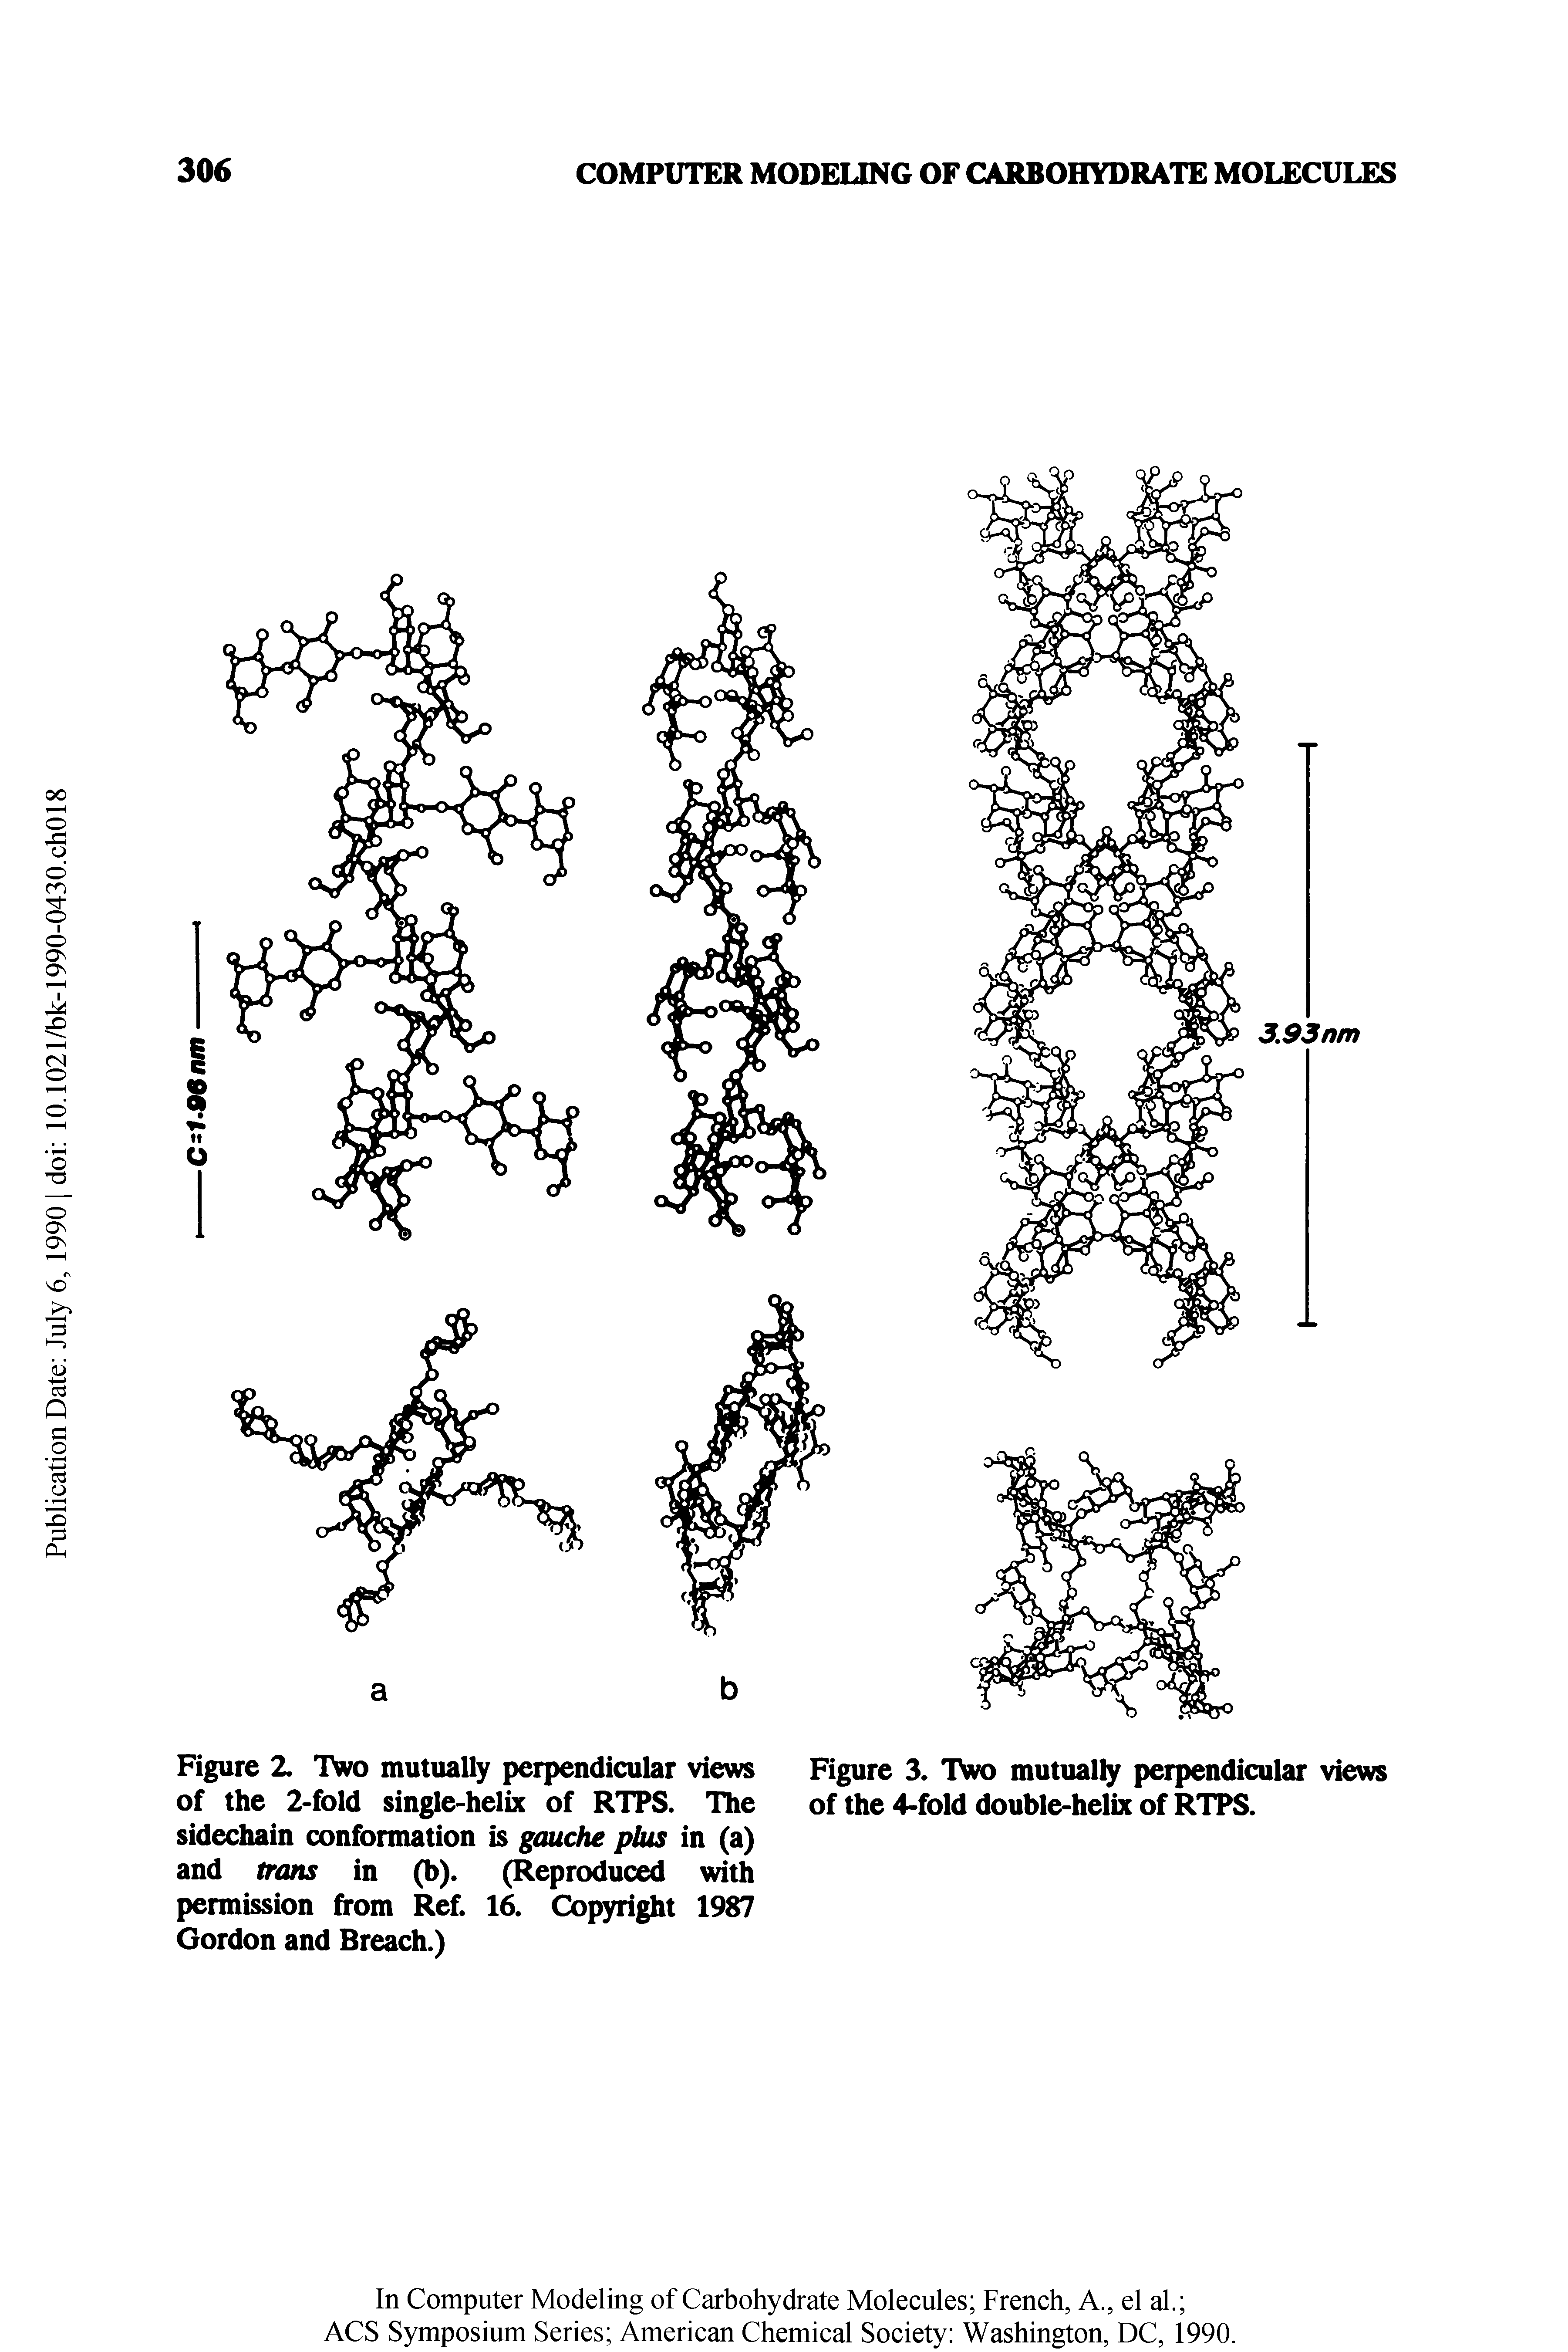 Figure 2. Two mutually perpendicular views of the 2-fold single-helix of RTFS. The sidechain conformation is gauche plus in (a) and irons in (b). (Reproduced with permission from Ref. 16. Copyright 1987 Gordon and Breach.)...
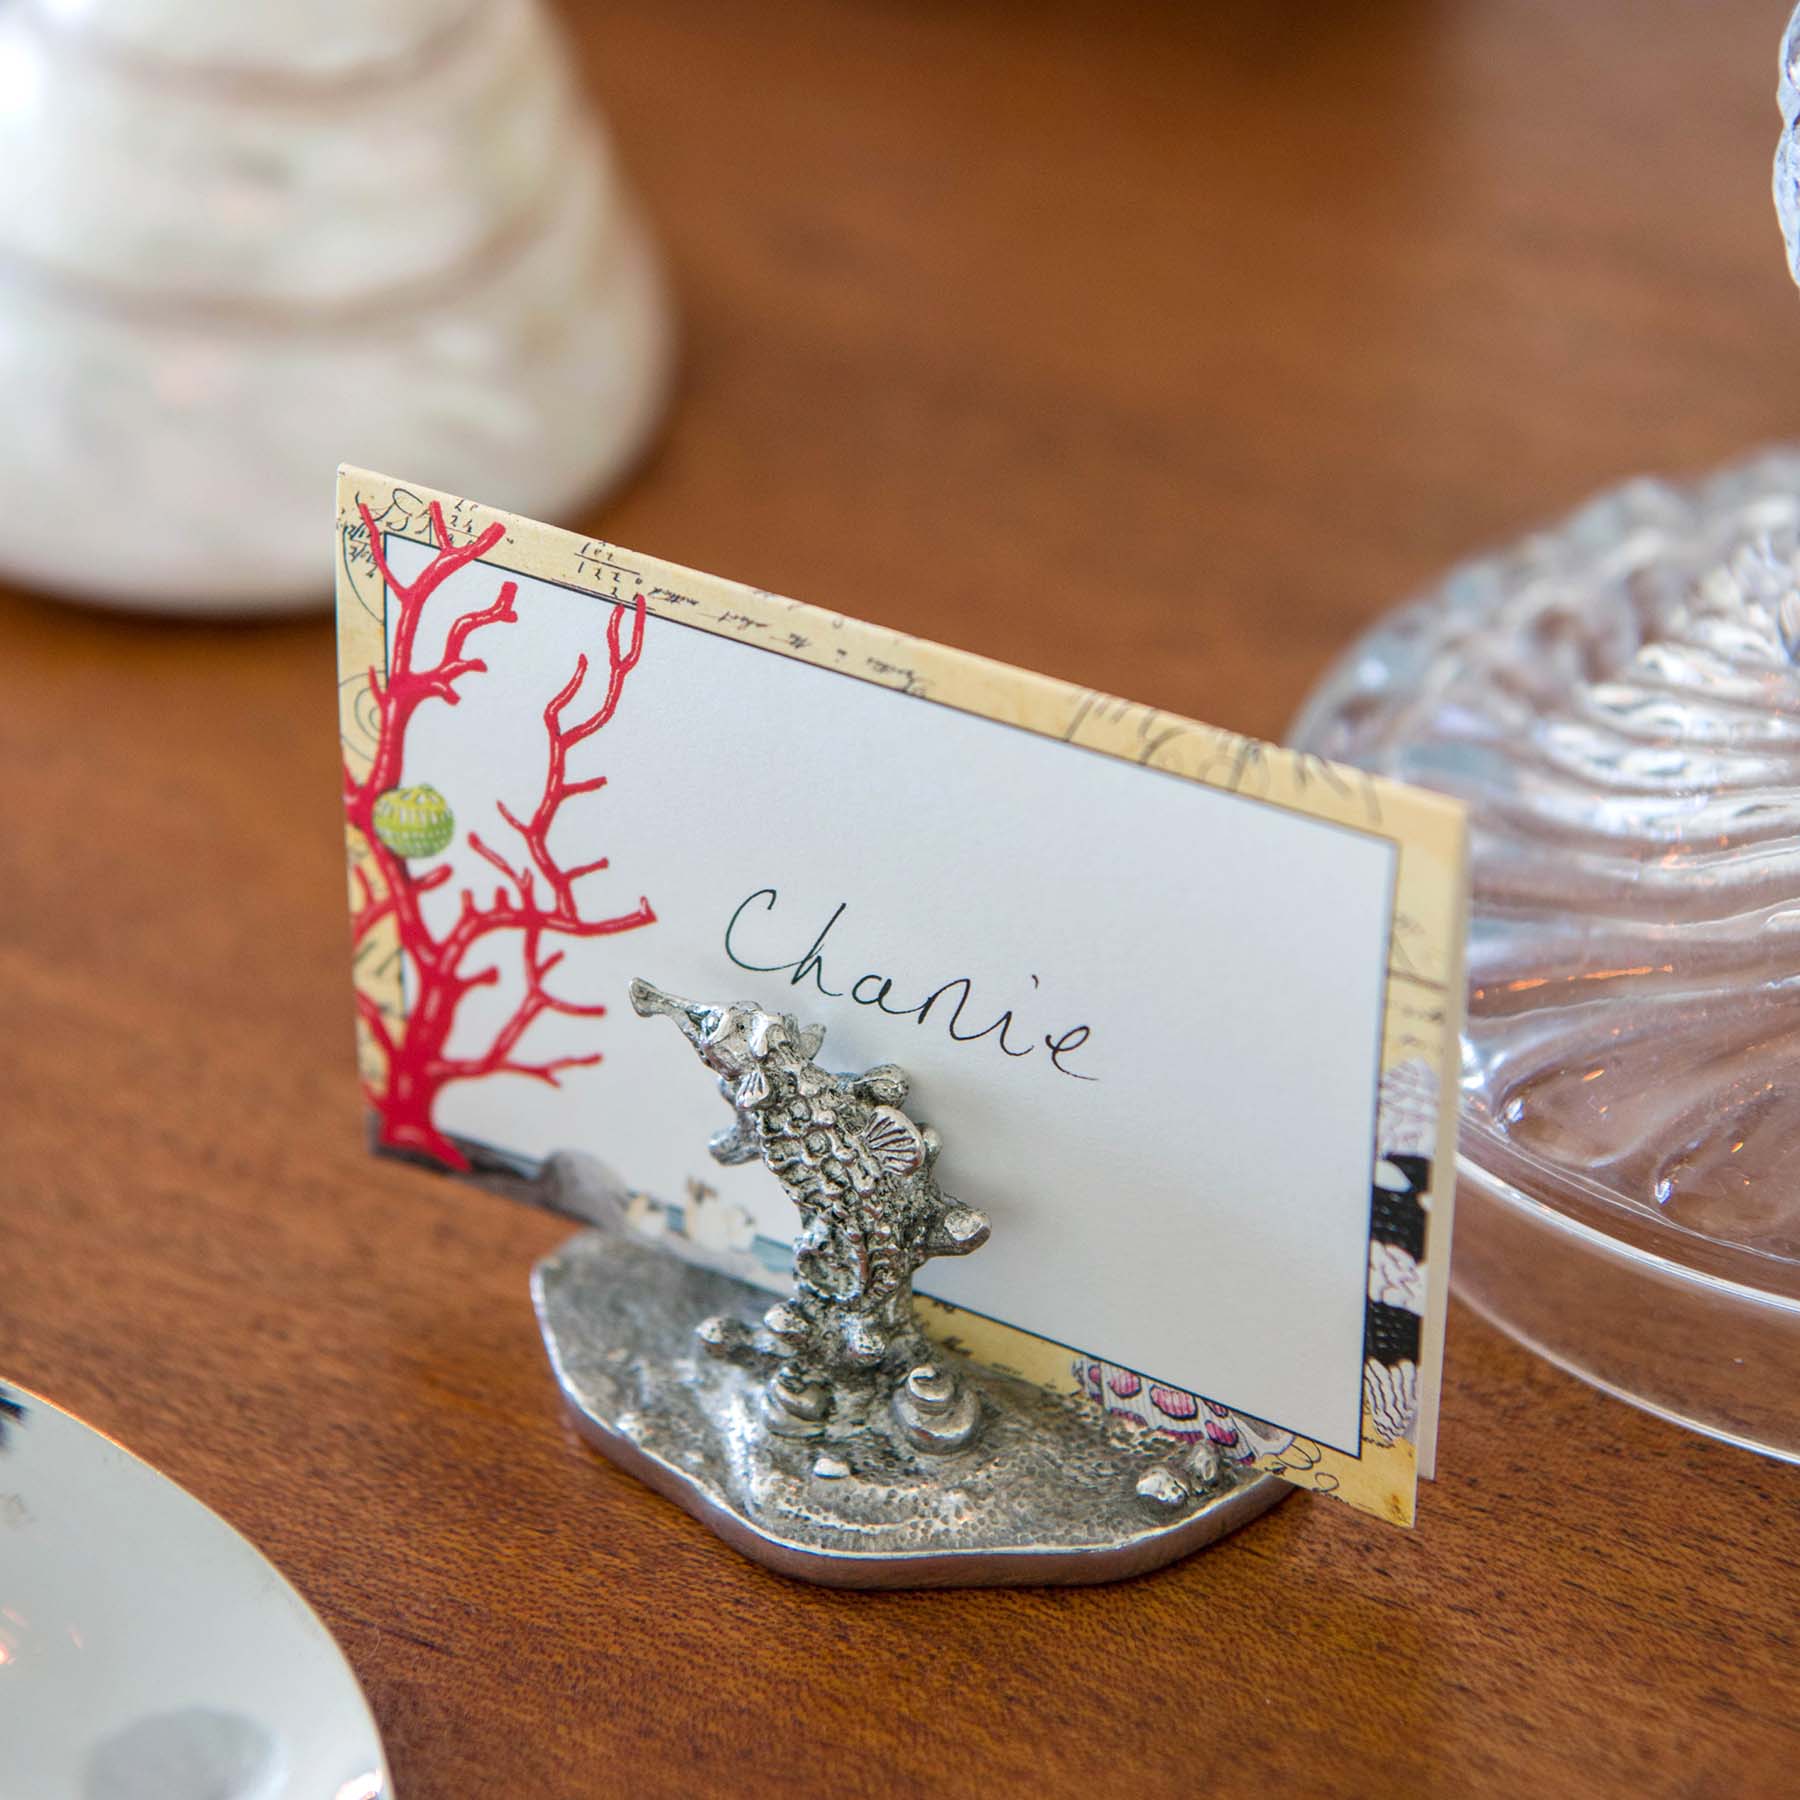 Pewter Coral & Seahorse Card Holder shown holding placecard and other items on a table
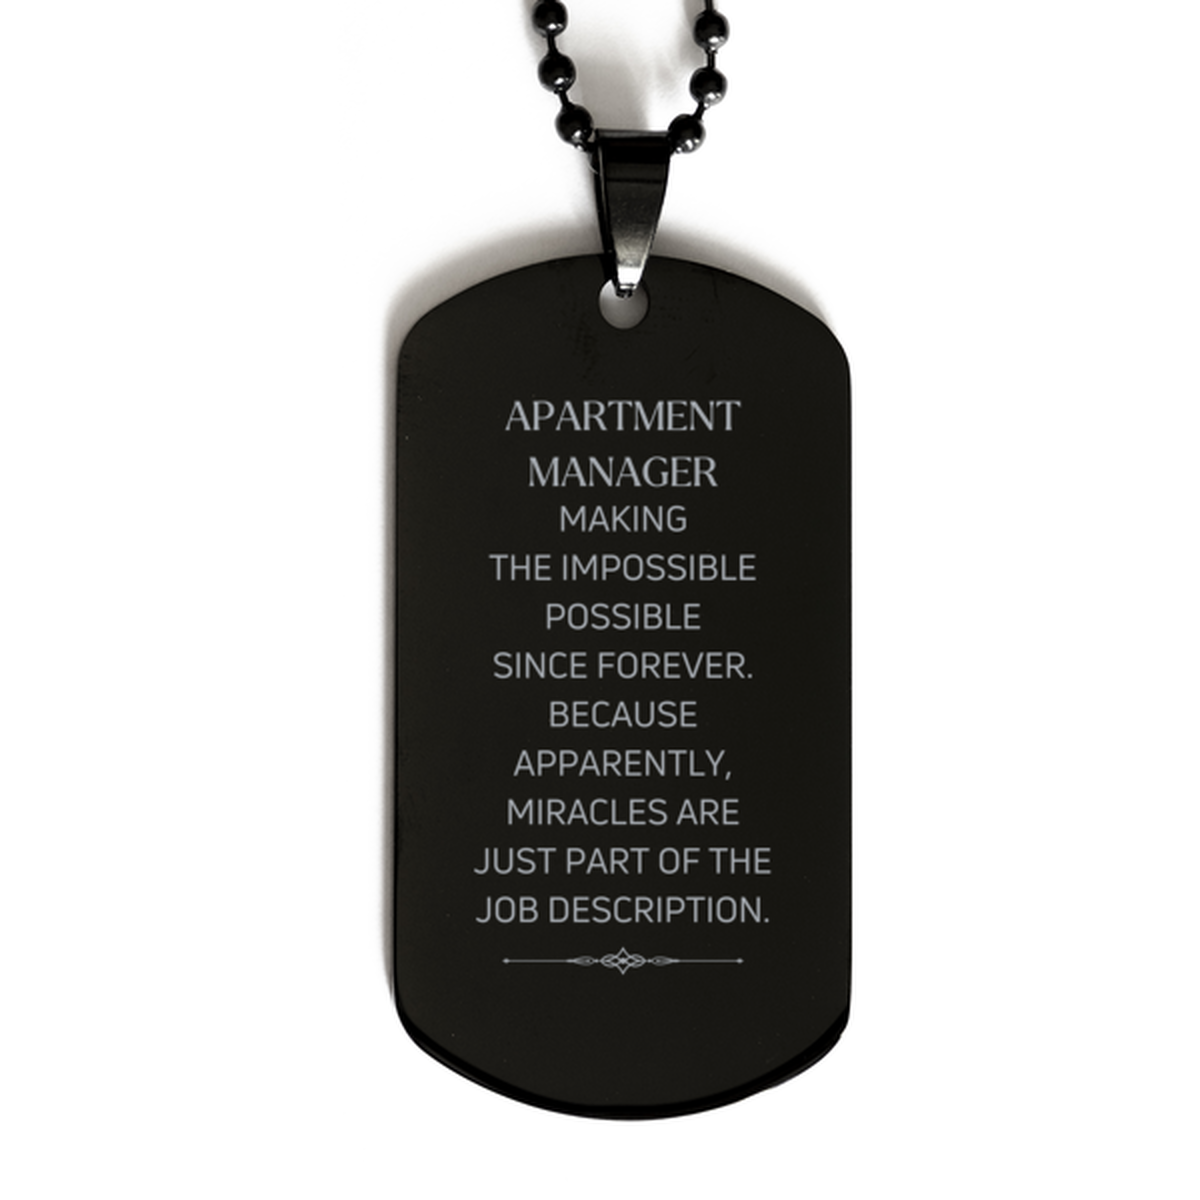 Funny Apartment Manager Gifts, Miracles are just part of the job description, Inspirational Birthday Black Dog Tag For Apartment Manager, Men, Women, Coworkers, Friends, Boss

TASK INSTRUCTIONS: The whole of the data above needs retyping exactly, with pictures omitted.

TASK RESULT:
 Figure 2. Two mutually perpendicular views of the 2-fold single-helix of RTFS. The sidechain conformation is gauche plus in (a) and irons in (b). (Reproduced with permission from Ref. 16. Copyright 1987 Gordon and Breach.)...
 Pewter Coral & Seahorse Card Holder shown holding placecard and other items on a table
 Funny Apartment Manager Gifts, Miracles are just part of the job description, Inspirational Birthday Black Dog Tag For Apartment Manager, Men, Women, Coworkers, Friends, Boss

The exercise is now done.